Media Center provides an easy way to view and manage your media files. The new media streaming capabilities help you to share music, video and photos across your network, and there are some great new games. But despite this, there's plenty of room for improvement.

Windows Media Player can't by default play all the file types you need, so we're enhancing it with the Windows 7 Codec Pack: it can handle formats such as MKV, DivX, FLV and more. We've also included the Lagarith codec, which uses a lossless algorithm to compress video files. It's perfect if you're editing videos, as you can work on and save clips multiple times with no loss of quality (and without gobbling up the gigabytes of hard drive space you would need to save uncompressed video).

Of course ideally you'd avoid Windows Media Player where possible, as it's slow to launch and uses more than its fair share of your system resources.

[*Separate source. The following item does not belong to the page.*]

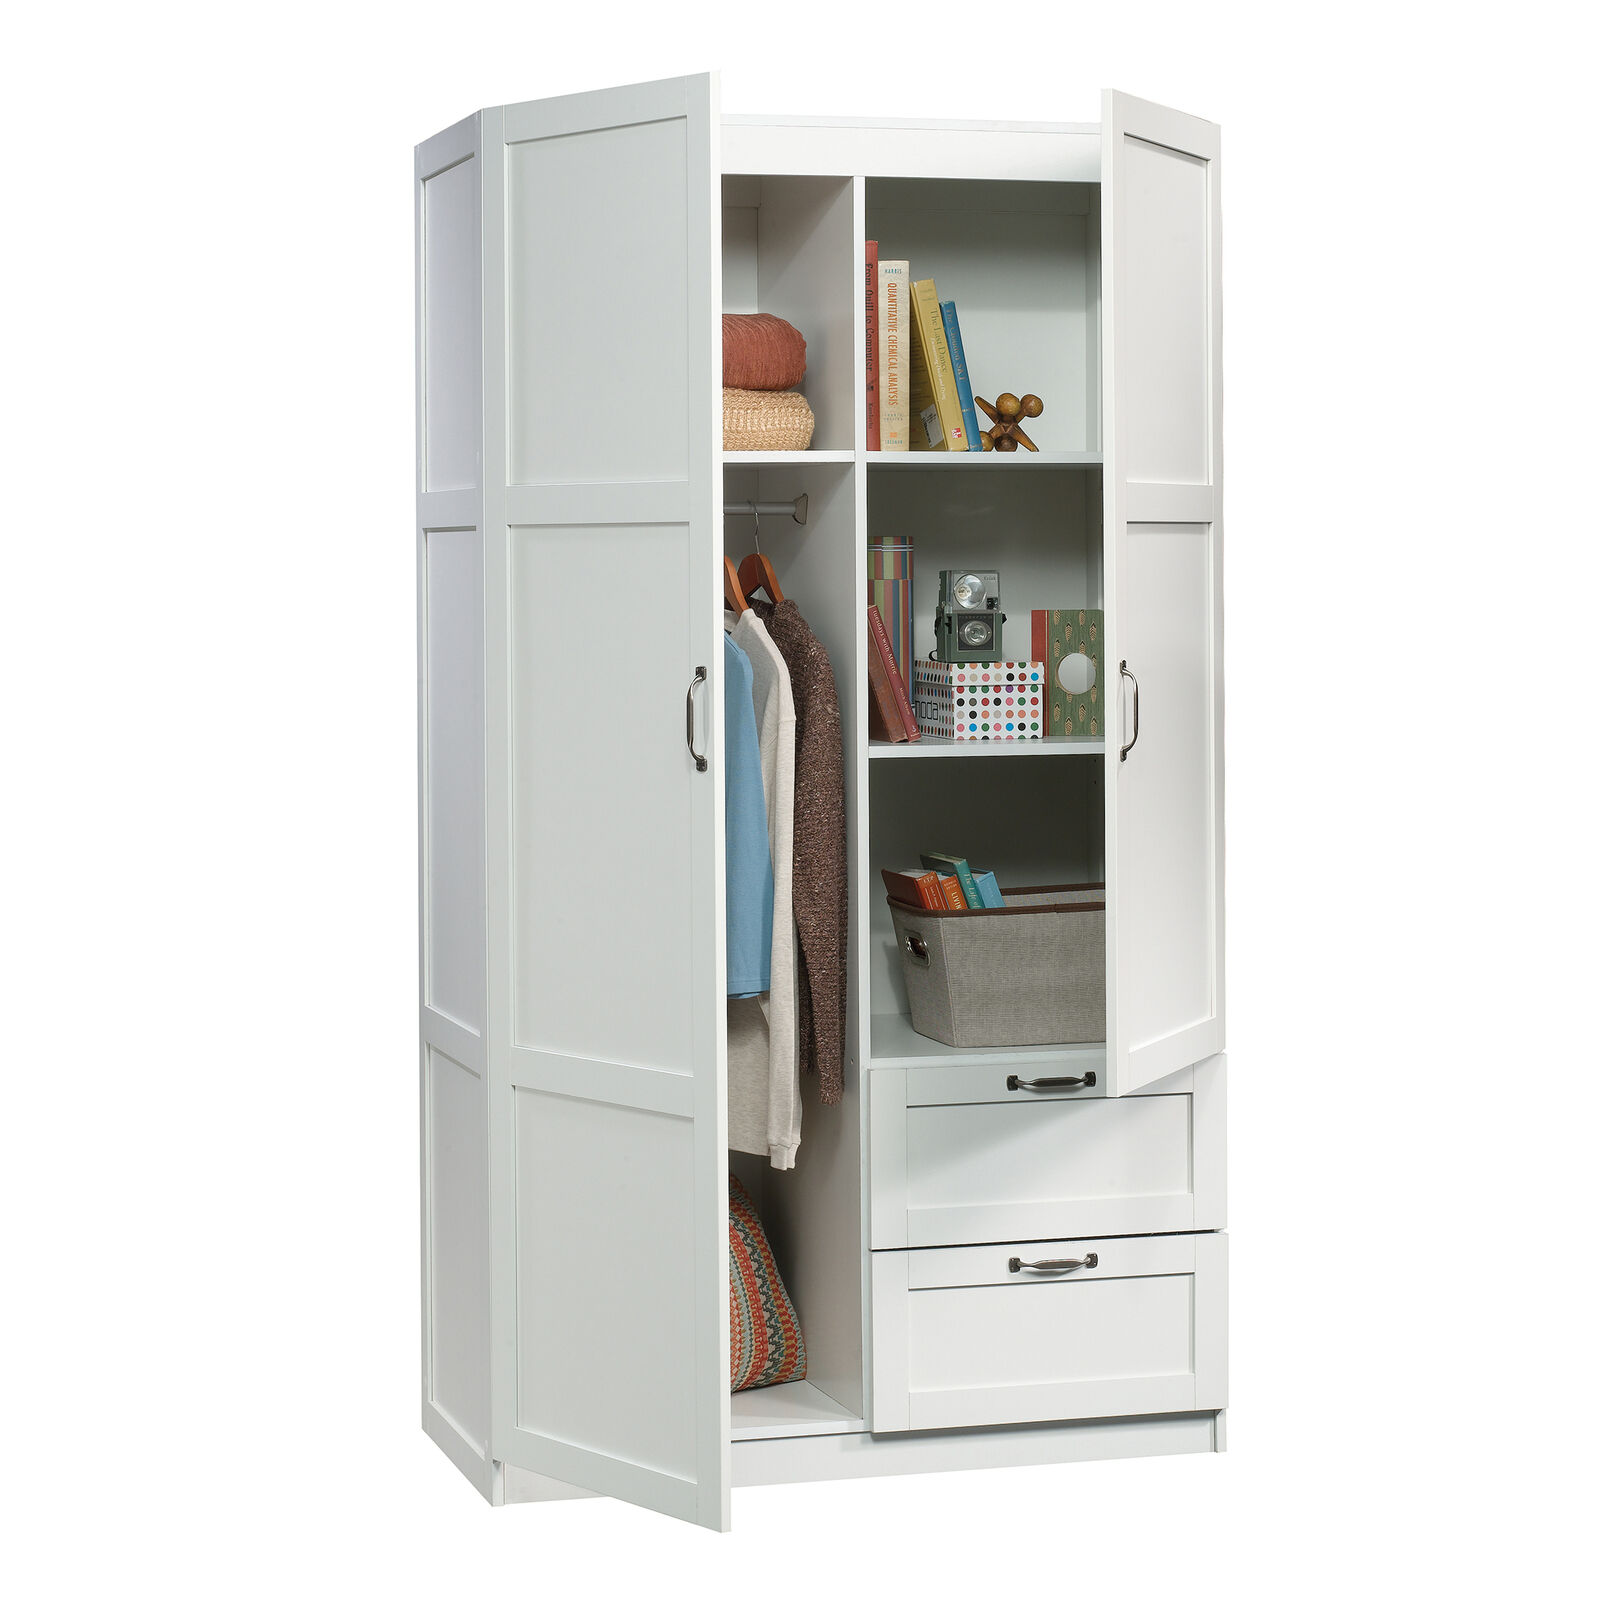 Wardrobe Armoire Garment Organizer 2-drawer Shelf Storage Home Bedroom Furniture

That's why we've included the media player VLC in the PC Plus Service Pack. It plays considerably more file types and is packed with bonus features, yet remains a fast and lightweight tool.

If you still play classic old DOS games then you'll know that it's more difficult than ever to get them working on modern PCs. DOSBox can often help by emulating DOS and all the ancient hardware these games might need: 80286/386 CPUs, archaic screen resolutions like Hercules or VGA, SoundBlaster soundcards and more.

And while Windows 7's new games are great, we still miss Internet Reversi. Unofficial Service Pack brings it back in the shape of Magic Reversi, which lets you play challenging games against the computer, a local player or even a remote player over the internet.